Tabletop roleplaying doesn't work if the referee is not a fair arbiter.
Keep in mind that the first tabletop roleplaying campaign out there Blackmoor didn't have a setup where the referee was running the "opposition". There were players playing the good guys and players playing the bad the guy. While Dave Arneson was running some NPCs, he mostly adjudicating between two opposing group of players. Later he did run the Blackmoor Dungeon where he handled the monster. But even then there were players who were involved like Sir Fang the Vampire Lord.
I am describing this bit of history to illustrate that the referee being a fair arbiter lies at the heart of tabletop roleplaying. WIthout it none of it work.
It now about having power. It about the fact that a major reason why tabletop roleplaying works is the players only know what their character knows.
Nor is dispersing the decision making about the setting, it locales, creatures and characters is a magic bullet for making a campaign better. Instead of relying on one guy getting it right, now you have to rely on the group getting it right. It can work, but small group dynamic ensures that there will be as many negative outcomes as there with a single human referee although they will be different.
I think you betray a very 'classical' notion of how RPGs work. This would have been quite fairly considered the consensus view, with perhaps only a very few dissenters, in something like 1980.
If you read Dungeon World, for example, nothing like 'fair arbiter' exists as a role. Nor is there a notion of 'secrets hidden from the players' (there may be things the GM has in mind that he will reveal later, IF doing so follows from the principles of play).
I don't disagree that giving players authorial power is no panacea. However, pretty much all modern 'narratively focused games' provide pretty strict regulation in that area. Again DW handily illustrates this, as it actually doesn't outright grant this authority to the players. Instead it provides pathways by which they can exercise it, and principles of play which govern the GM's process by which these pathways are actualized. There's no specific point in a PbtA game where the GM is told "the player is in charge of authoring content here" except in very circumscribed ways. Usually the GM is just told that he has to talk about a certain thing, explain a specific thing/subject/situation, etc. What I mean is, 'authorial chaos' would be a legitimate critique, but in practice it doesn't really arise due to game design techniques.

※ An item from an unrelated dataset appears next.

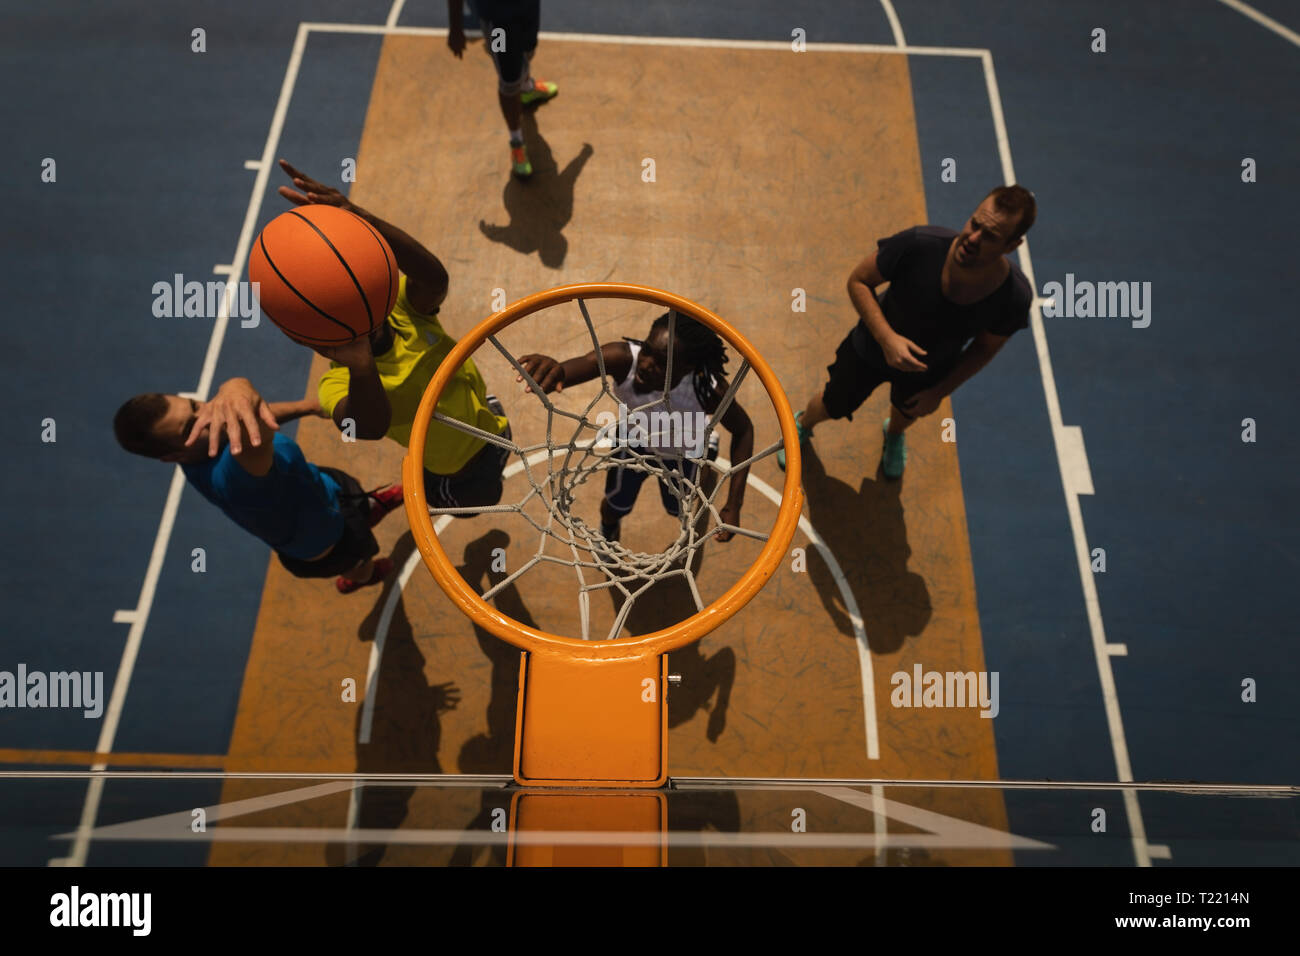 Basketballspieler Basketball spielen auf Basketball Stockfoto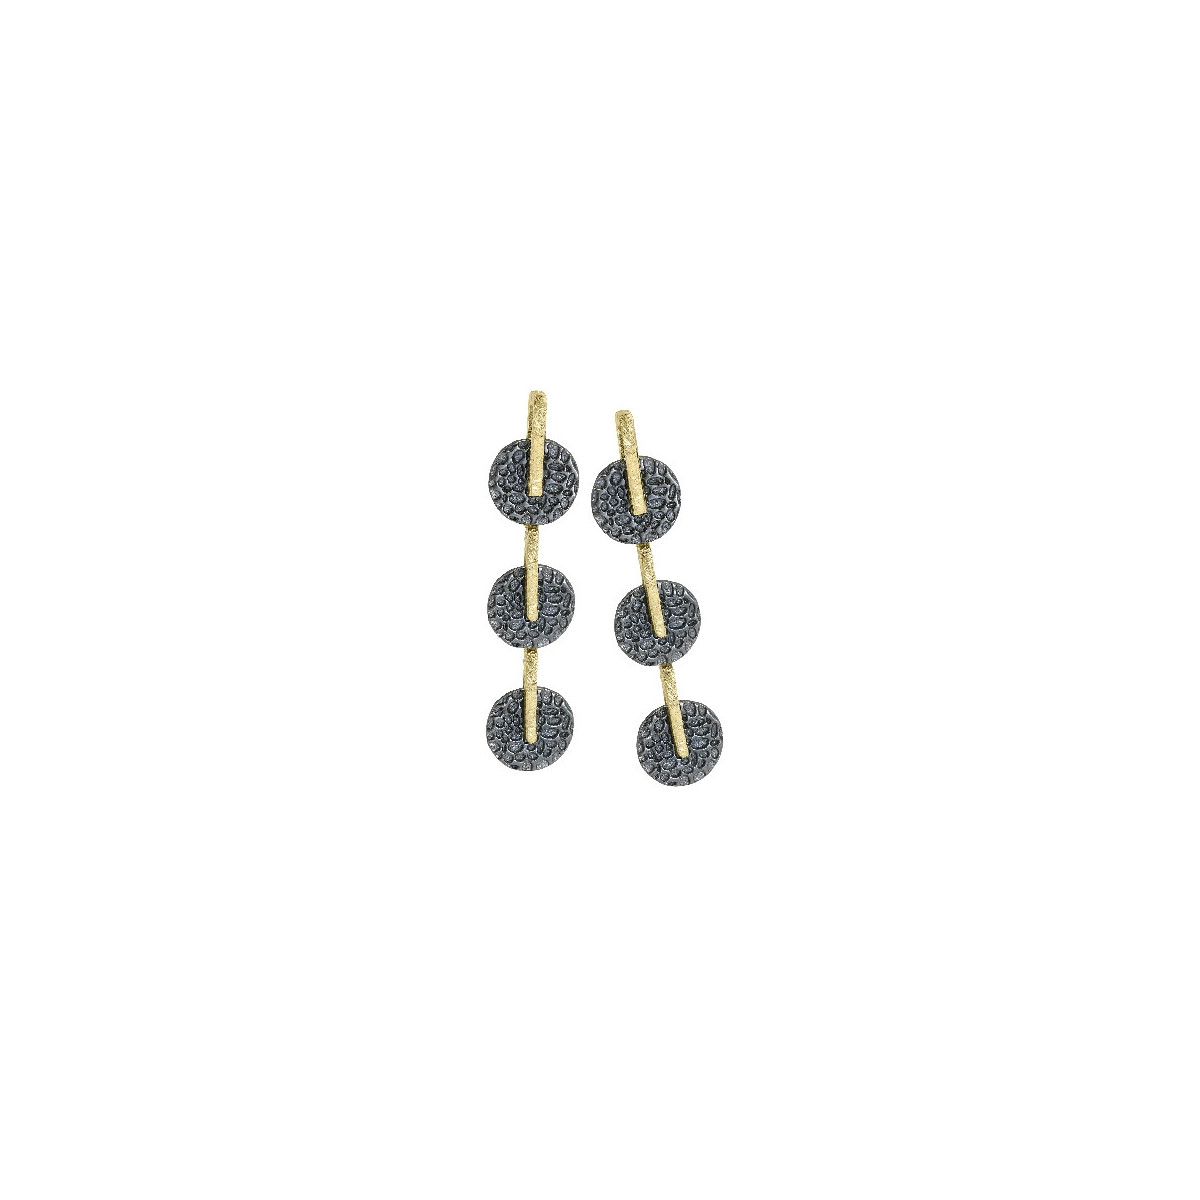 KYMBAL Earrings in Silver. Black Ruthenium and 18k Gold Vermeil

While your description of Blackmoor may be correct (I really have never read a detailed description of how it was played), oppositional play like that is a huge rarity in RPGs. It is more a feature of Free Kriegsspiel which fed into the 'Braunsteins' which inspired Dave's development of Blackmoor. I'd point out that this mode doesn't really work well unless you can either guarantee that both 'teams' are engaged in every session, or you develop a troupe play methodology. That may in fact be one reason that the LBBs were used that way a lot, by Gary Gygax for instance. Again, I don't know, but his early games sound like they at least featured competitive play, if not outright teams fighting it out with each other. Troupe play mostly died pretty early on, and I can frankly say I never witnessed oppositional play at all, and I started playing in about 1975. My point is, yes, a referee would be needed there, but not so much in modern play.